# romantic gesture



## Mom6547 (Jul 13, 2010)

Tonight DH and I are going out on a date. I suck at romantic guestures. He is into woodworking. So one time I bought him a chocolate tool set. He looked at me like I was a dork. Given I have very limited time (because I did not even think of it until now), what can I do before dinner/at dinner / after dinner. This is aside from or in addition to the obvious bj I know you are all going to suggest. Cuz you know I really can't do that at dinner.


----------



## chillymorn (Aug 11, 2010)

Mom6547 said:


> Tonight DH and I are going out on a date. I suck at romantic guestures. He is into woodworking. So one time I bought him a chocolate tool set. He looked at me like I was a dork. Given I have very limited time (because I did not even think of it until now), what can I do before dinner/at dinner / after dinner.
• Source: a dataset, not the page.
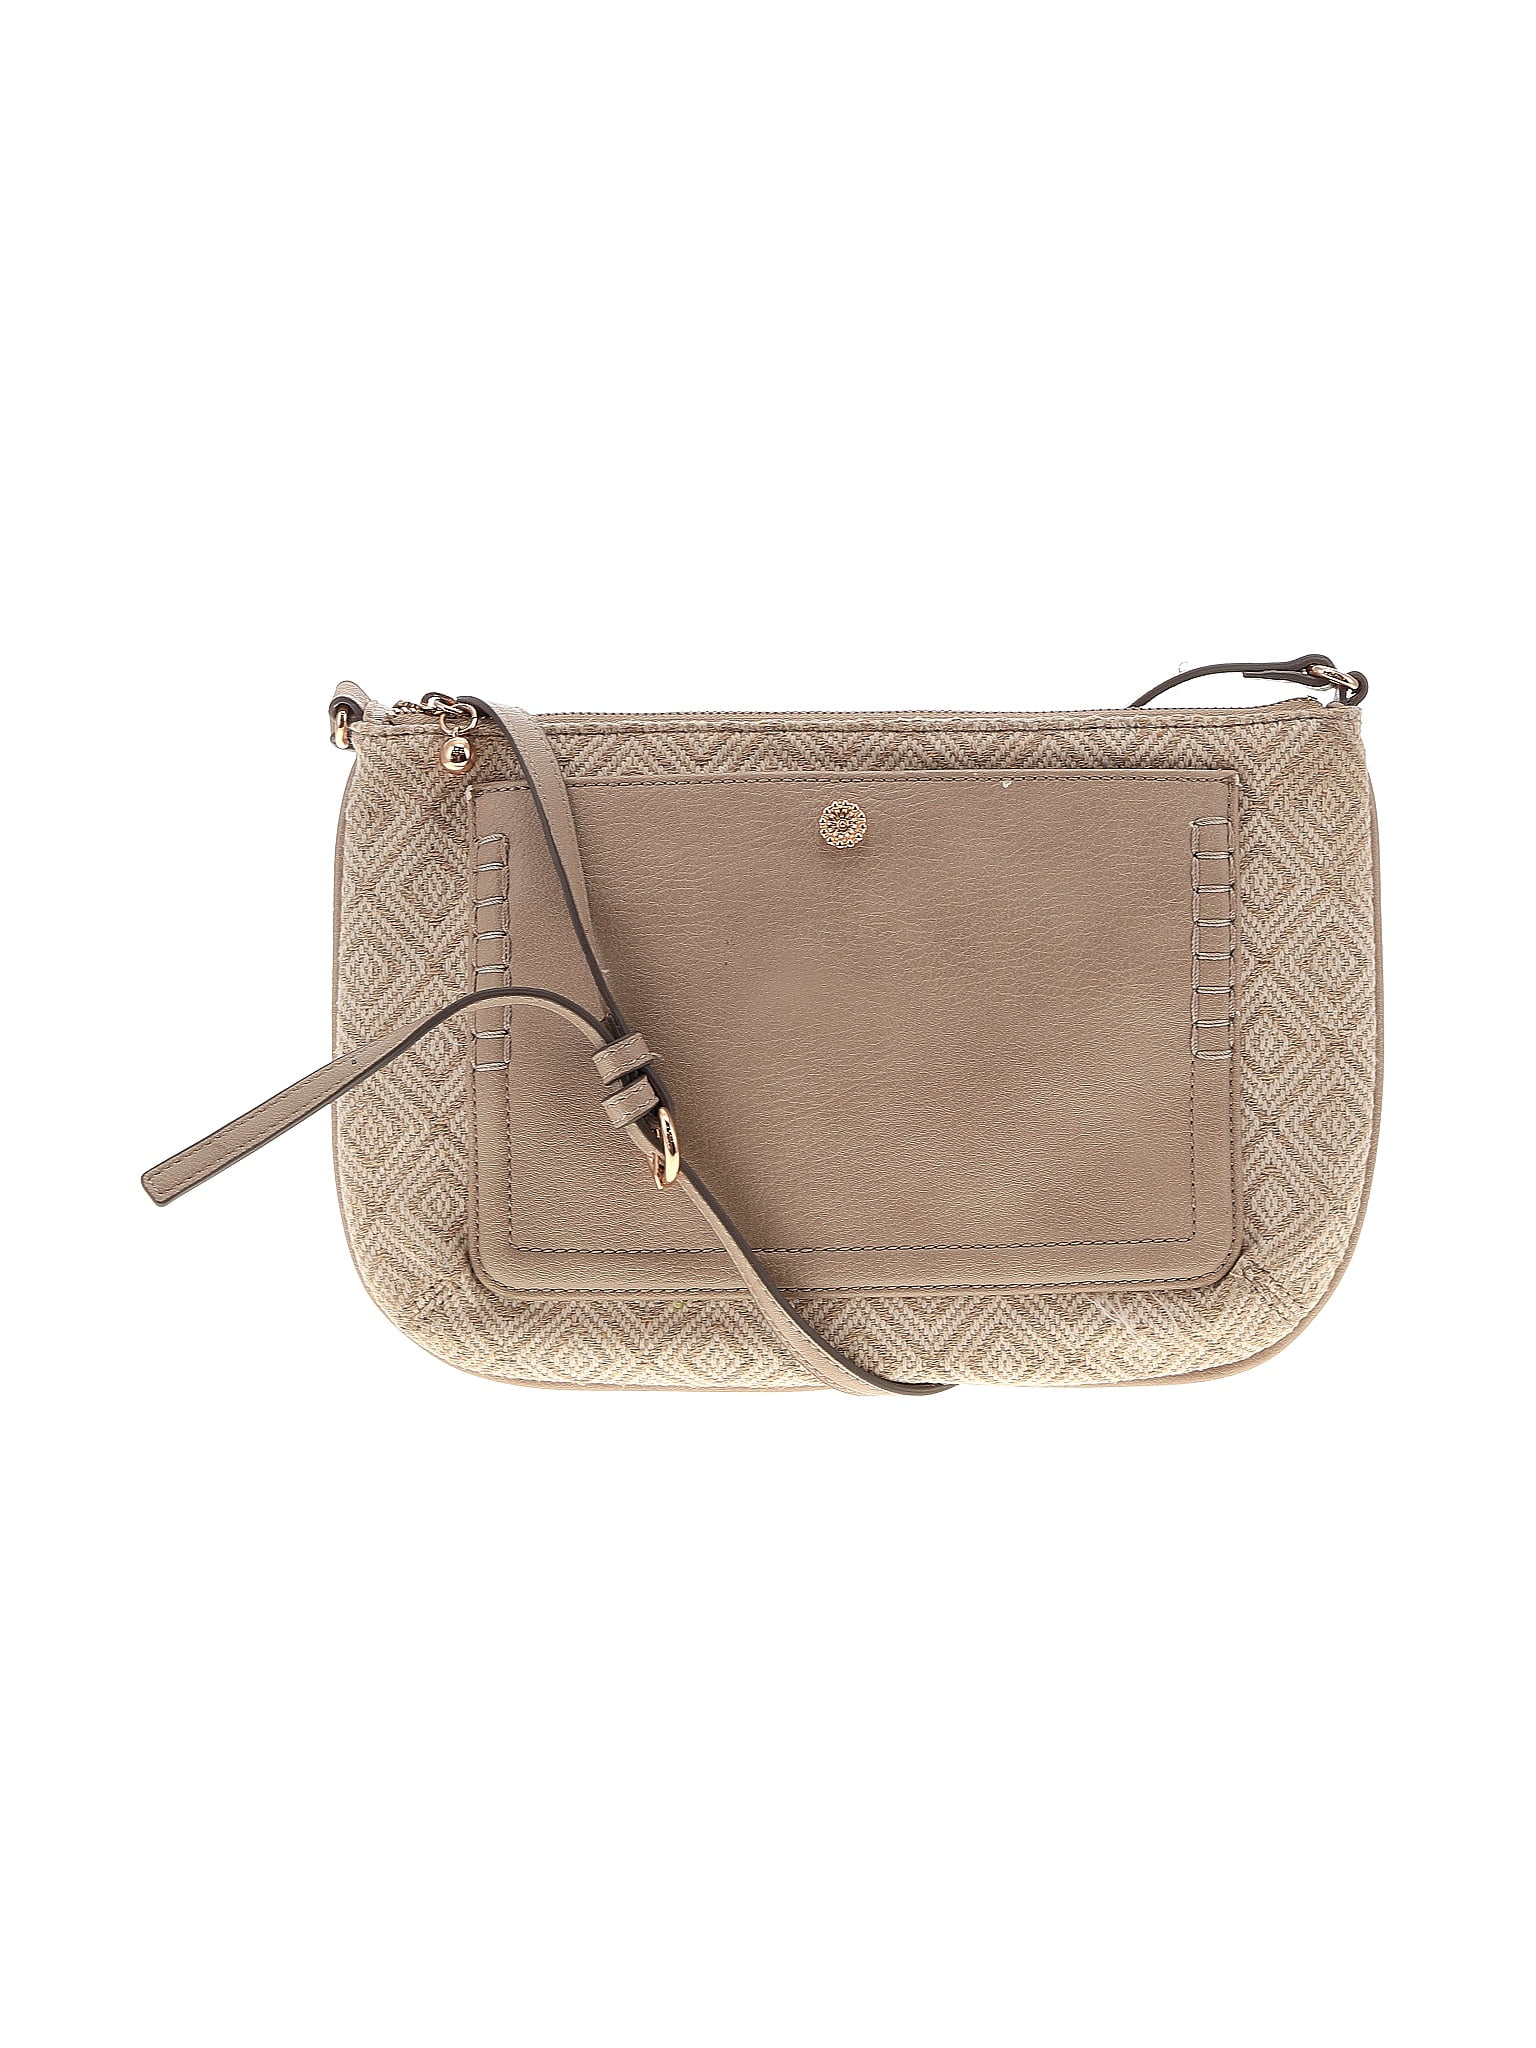 LC Lauren Conrad Bags & Handbags for Women for sale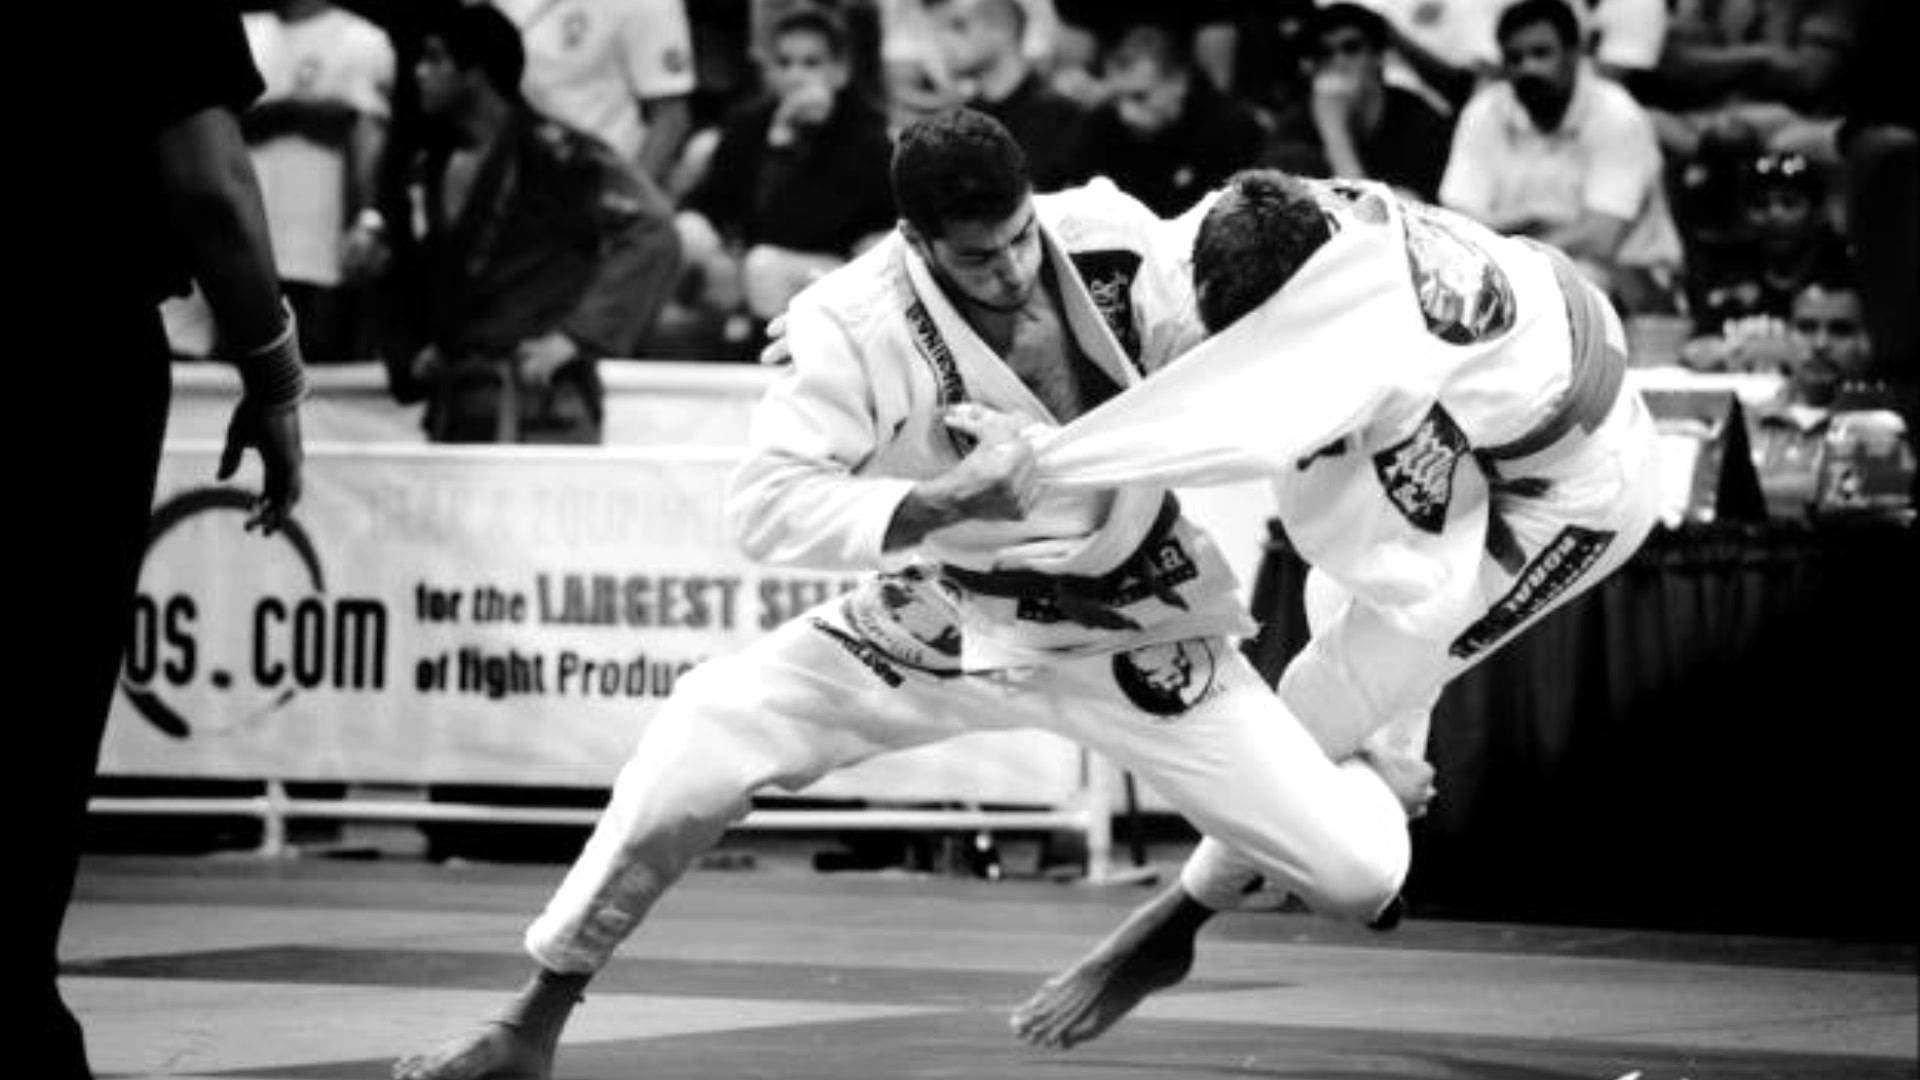 jiu jitsu wallpapers,sports,judo,contact sport,combat sport,individual sports

This is aside from or in addition to the obvious bj I know you are all going to suggest. Cuz you know I really can't do that at dinner.


Just crawl under the table and pull the table cloth down and suprise him!!!!!!!!!!!!

LOL that would really be something imagine if you were at the table next to someone who did that. LOL

Listen most men do not like romantic gestures they like lustfull gestures.

when my wife dose romantic gestures for me I thing thats not what I like thats what YOU like.Men and women are wired differently.

if I was taking my wife out and I did a lustfull gesture she would look at me like a dork because she would be expecting a romantic gesture.

you got to push his buttons if you want him to push your buttons.

I think that is the biggest problem with relationships. we do for our spouce what we would like done to us instead of doing what you think he would actually want.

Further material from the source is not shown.